Screenshot - 9_5_2008 , 8_04_16 AM_thumb.png
Writer Cory Doctorow has an important blog essay up today about the downsides of writers trying to solicit payments directly from readers to support their work.

The essay touches on many of the issues I raised in my article on the first year of DonationCoder and our attempt to set up a donation-funded website here.

To concretize the metaphor: I don’t care about making sure that everyone who gets a copy of my books pays me for them — what I care about is ensuring that the everyone who would pay me decent money for a book has the opportunity to do so. I don’t want to hold 13-year-olds by the ankles and shake them until their allowance falls out of their pockets, but I do want to be sure that when their parents are thinking about a gift for them, the first thing that springs to mind is my latest $20-$25 hardcover...

More well thought out stuff worth excerpting about how the relationship changes when you ask for money, and not always in a good way..

http://www.locusmag....w-macropayments.html


I guess my main point of divergence with Cory is not in his laying out of the problems, but in what it sounds like he is saying is a viable solution: give away the digital media and hope the publisher can convince the rich fans people to buy tshirts and gold leaf leatherbound hardcopies.

The essay, at least from my standpoint, feels like it's only half complete.. it lays out well some of the serious problems with collecting micropayments (or microdonations), but doesn't really try to come up with a working framework -- other than to suggest that a writer can make their real money when the fans with lots of money buy the extras (special editions, tshirts, etc.).

To me, that is a problematic solution to the problem, with it's own negative repercussions.  It puts much more pressure onto the role of marketing and hype and advertising to sell all this garbage like tshirts and stuff unrelated to the actual content of what's being produced.  What happens when the actual writing by the author becomes merely the way to sell action figures?

I just think we would be a healthier society if we could figure out a way to make it possible and easy and fun and a rewarding experience to be able to contribute directly to the authors of the work we like.

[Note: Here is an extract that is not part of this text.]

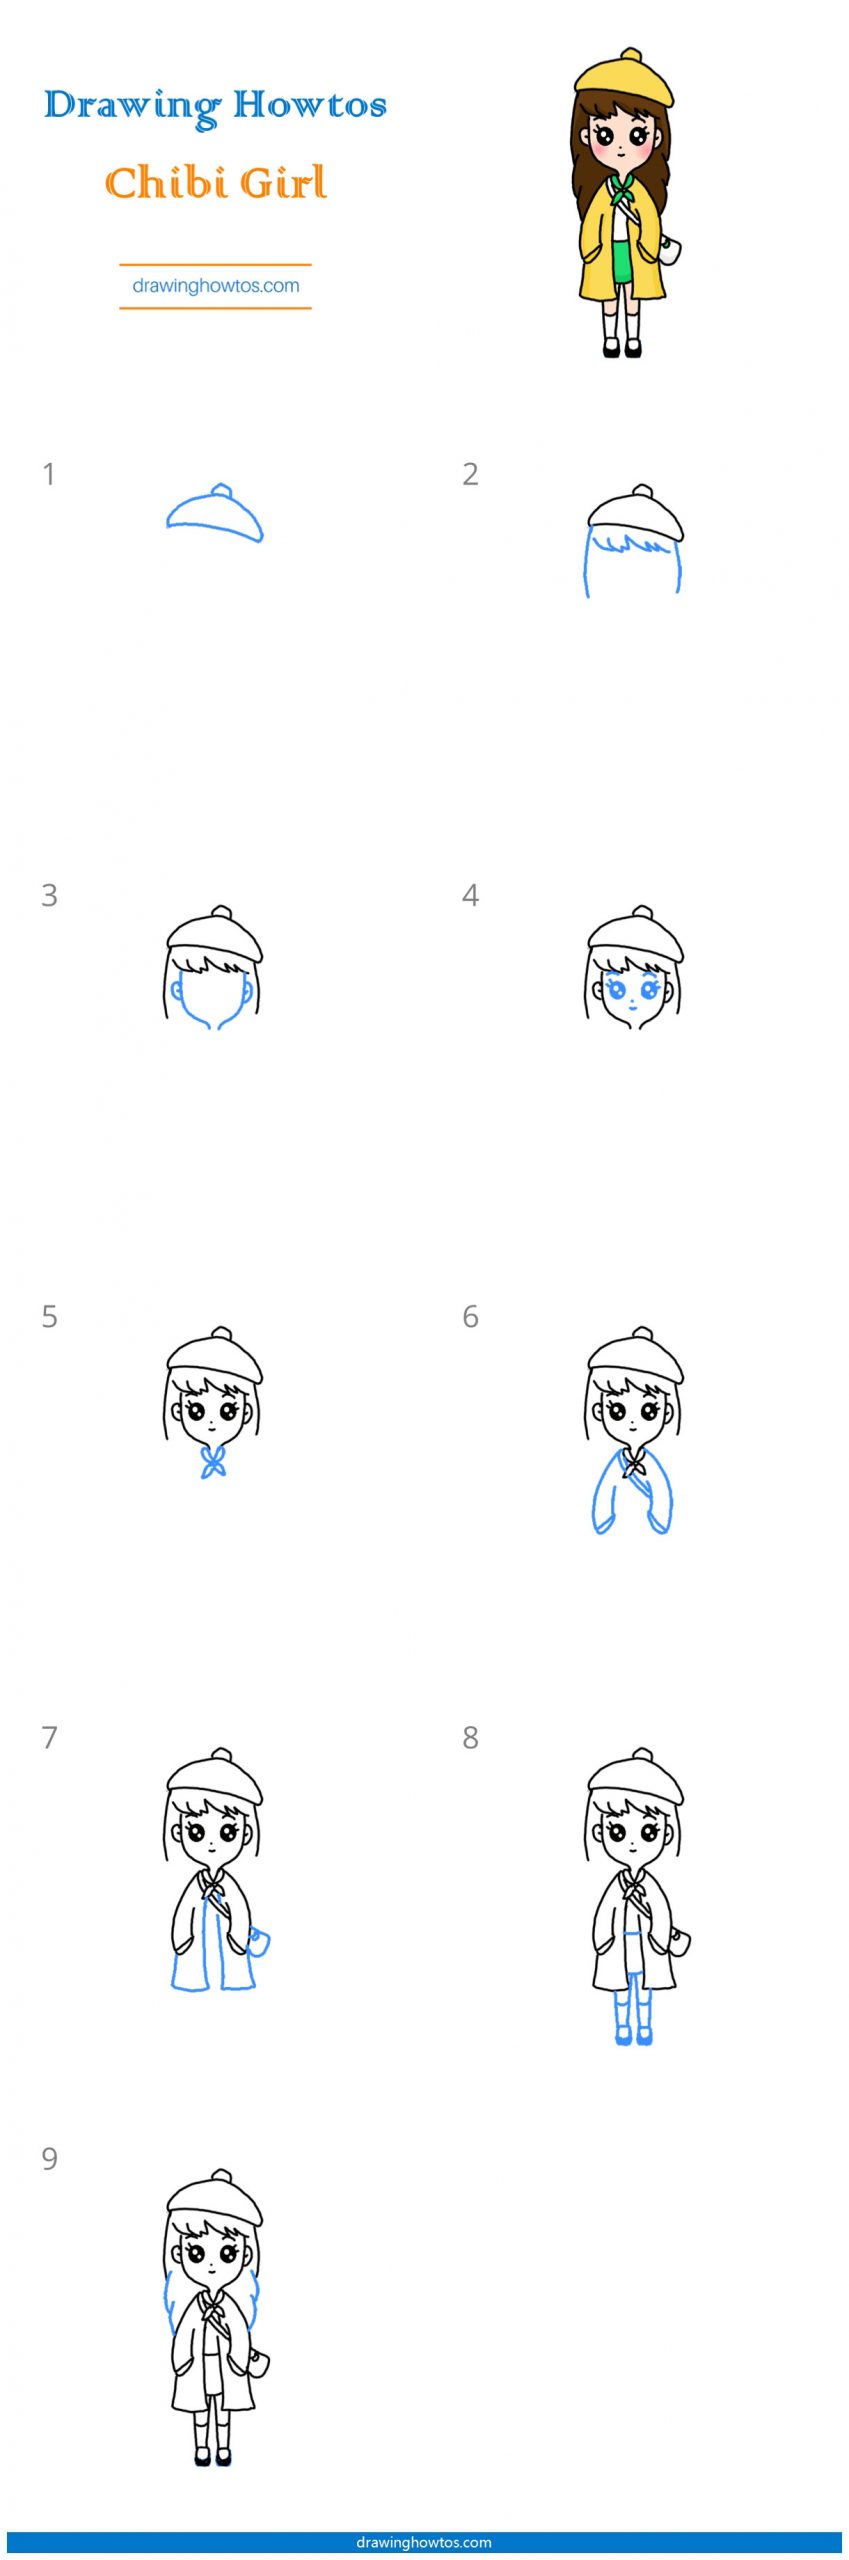 How to Draw a Chibi Girl Step by Step

Many of the worries Cory has about what happens when an author "convinces" someone to pay for their material but then the "customer" gets home and decides they don't like it, disappear if you let people donate AFTER they decide they like the work -- so it's not like their aren't alternatives.

To me, the fundamental impediments to artists/writers making enough money to survive on donations is a combination of the difficulty in users making such donations (without worrying about security), and the mindset that has developed that everything should be either expensive or free (and supported by ads).